- **About this task**: With the pictures left out, write out exactly the lines of the listing below that run from the line with "16926605.11 - verso kitted cupboard" through the line with "GOES-14 Visible (0.63".

- **Excerpted data**:
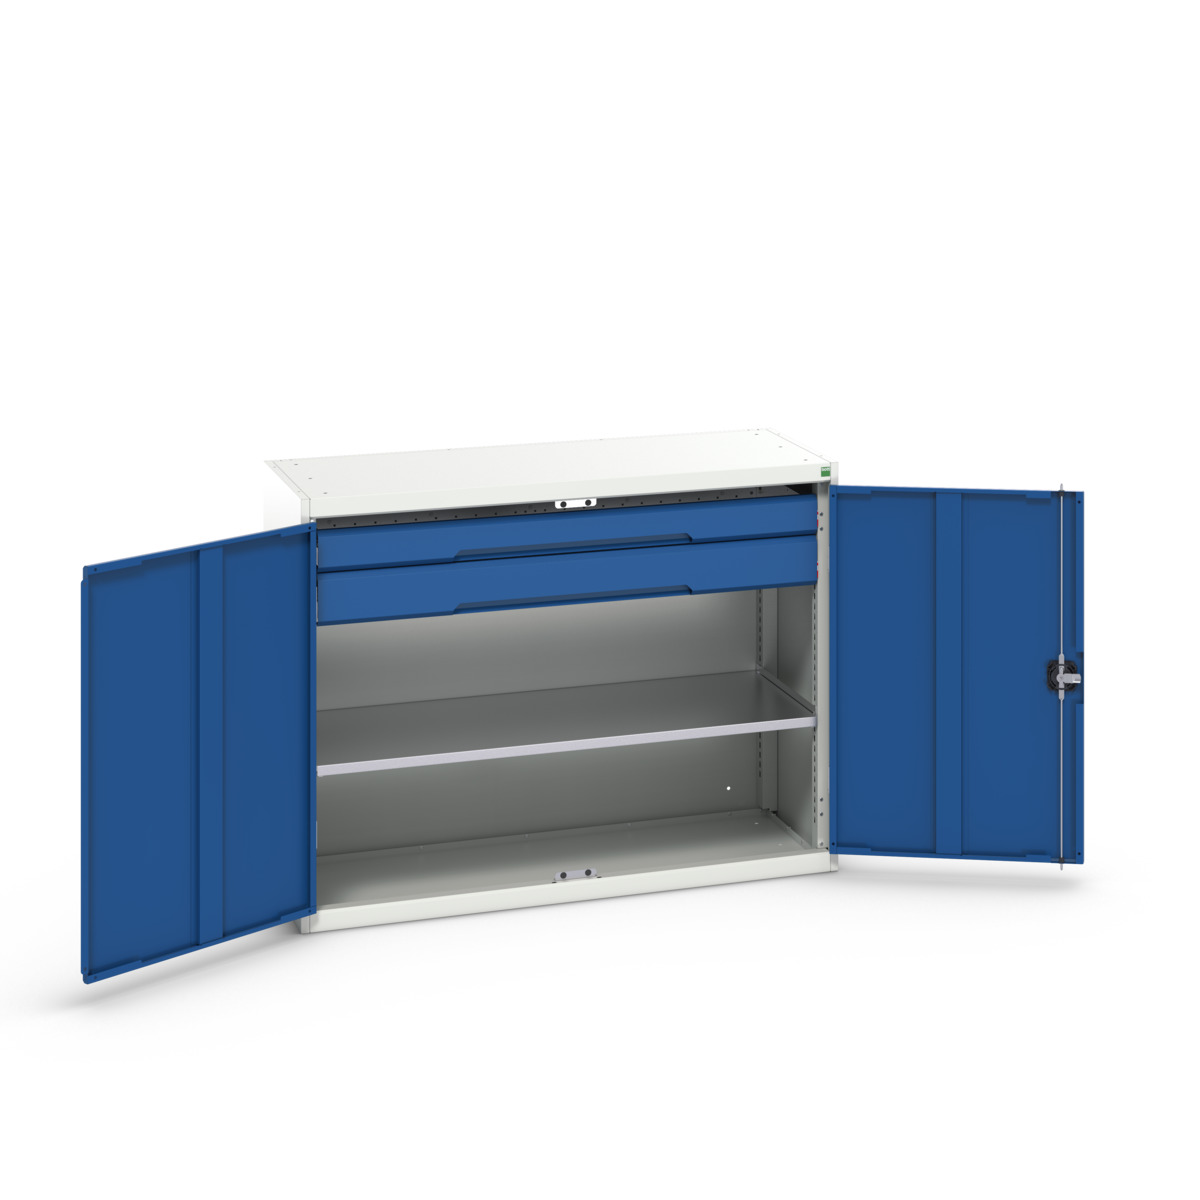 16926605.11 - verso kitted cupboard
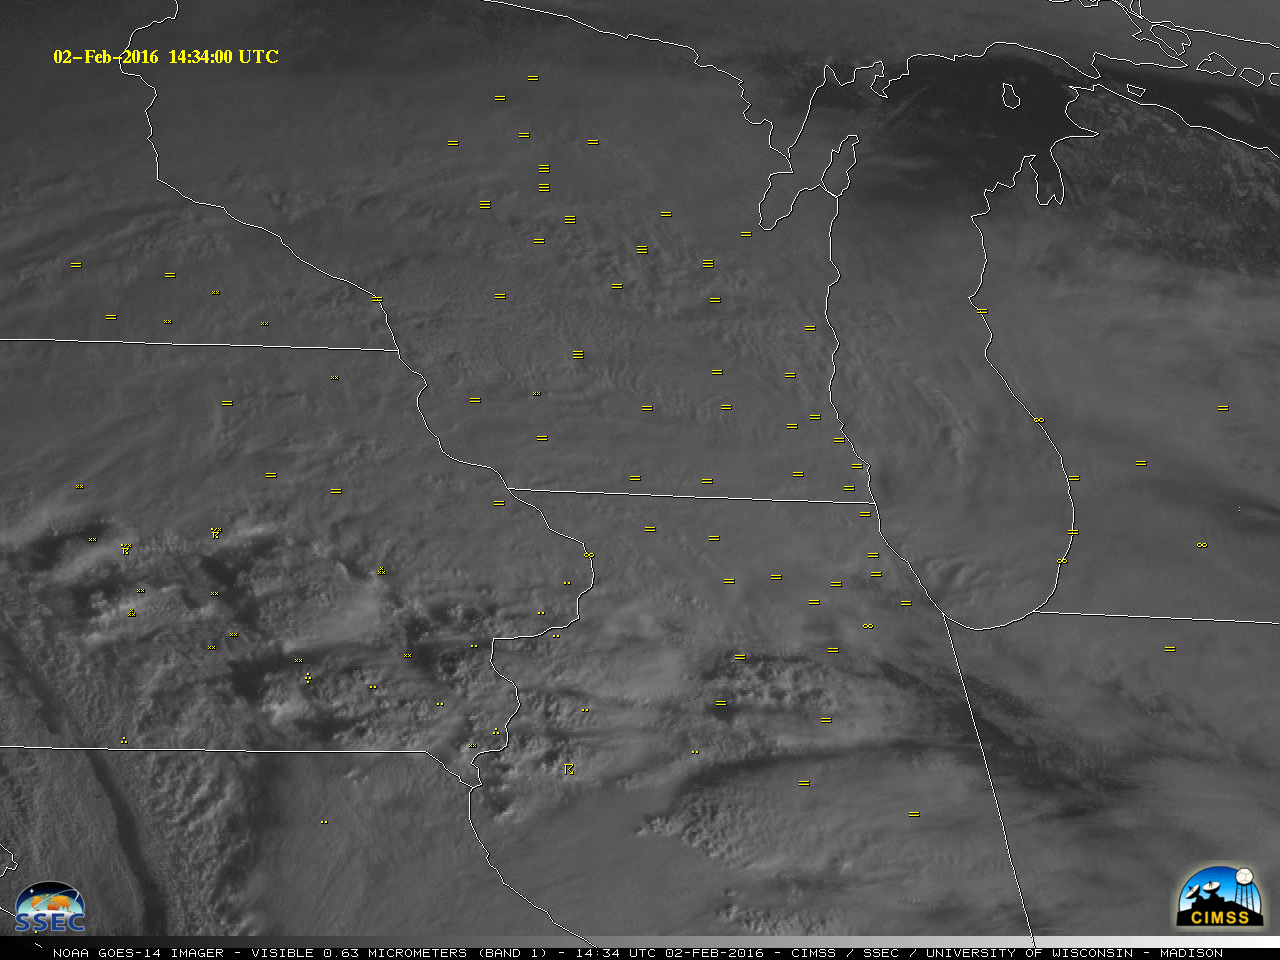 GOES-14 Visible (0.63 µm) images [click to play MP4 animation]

---

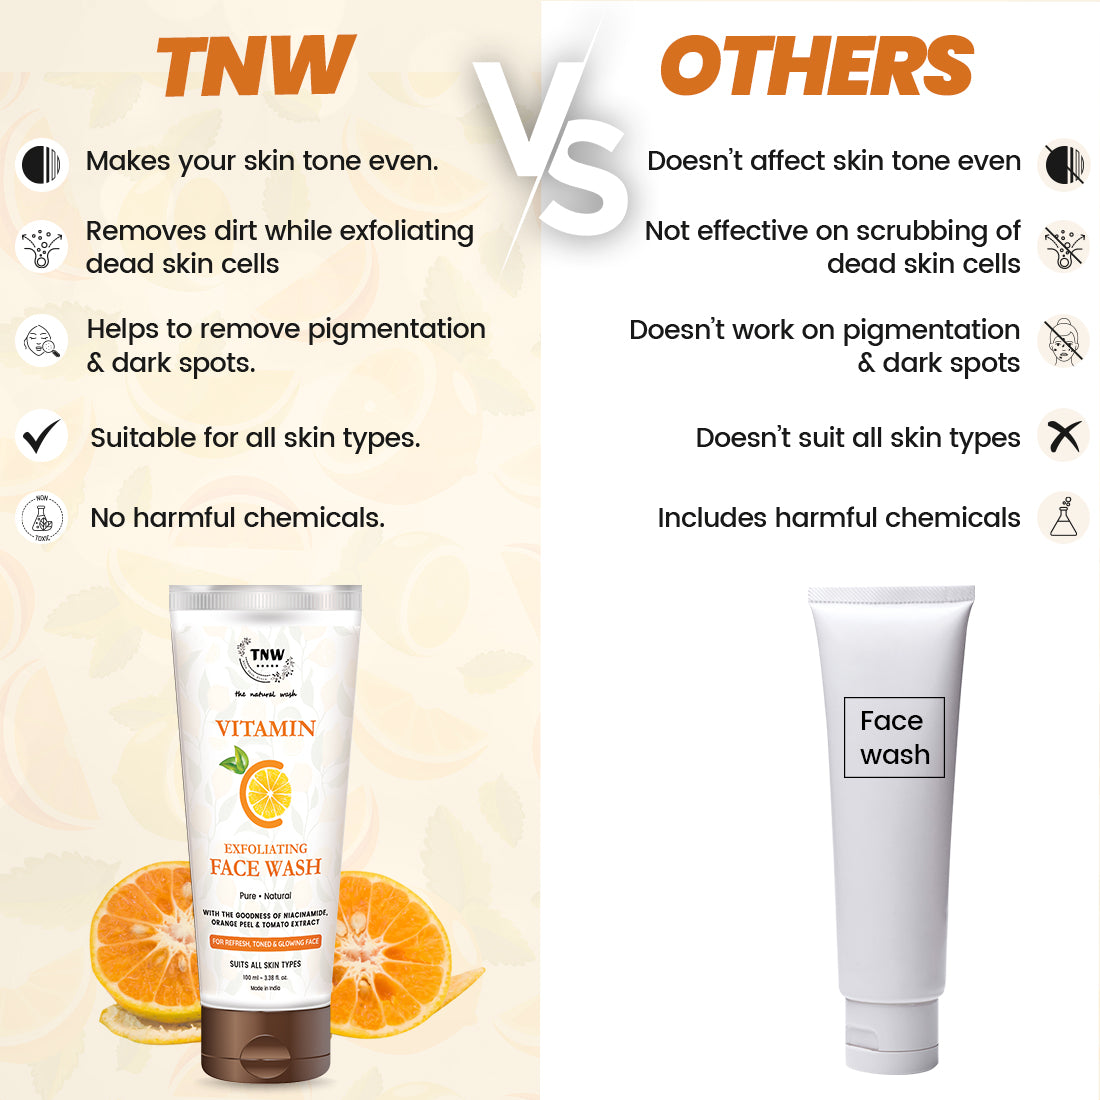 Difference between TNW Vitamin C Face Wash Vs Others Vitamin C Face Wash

- **Output of the task**:
 16926605.11 - verso kitted cupboard
 GOES-14 Visible (0.63 µm) images [click to play MP4 animation]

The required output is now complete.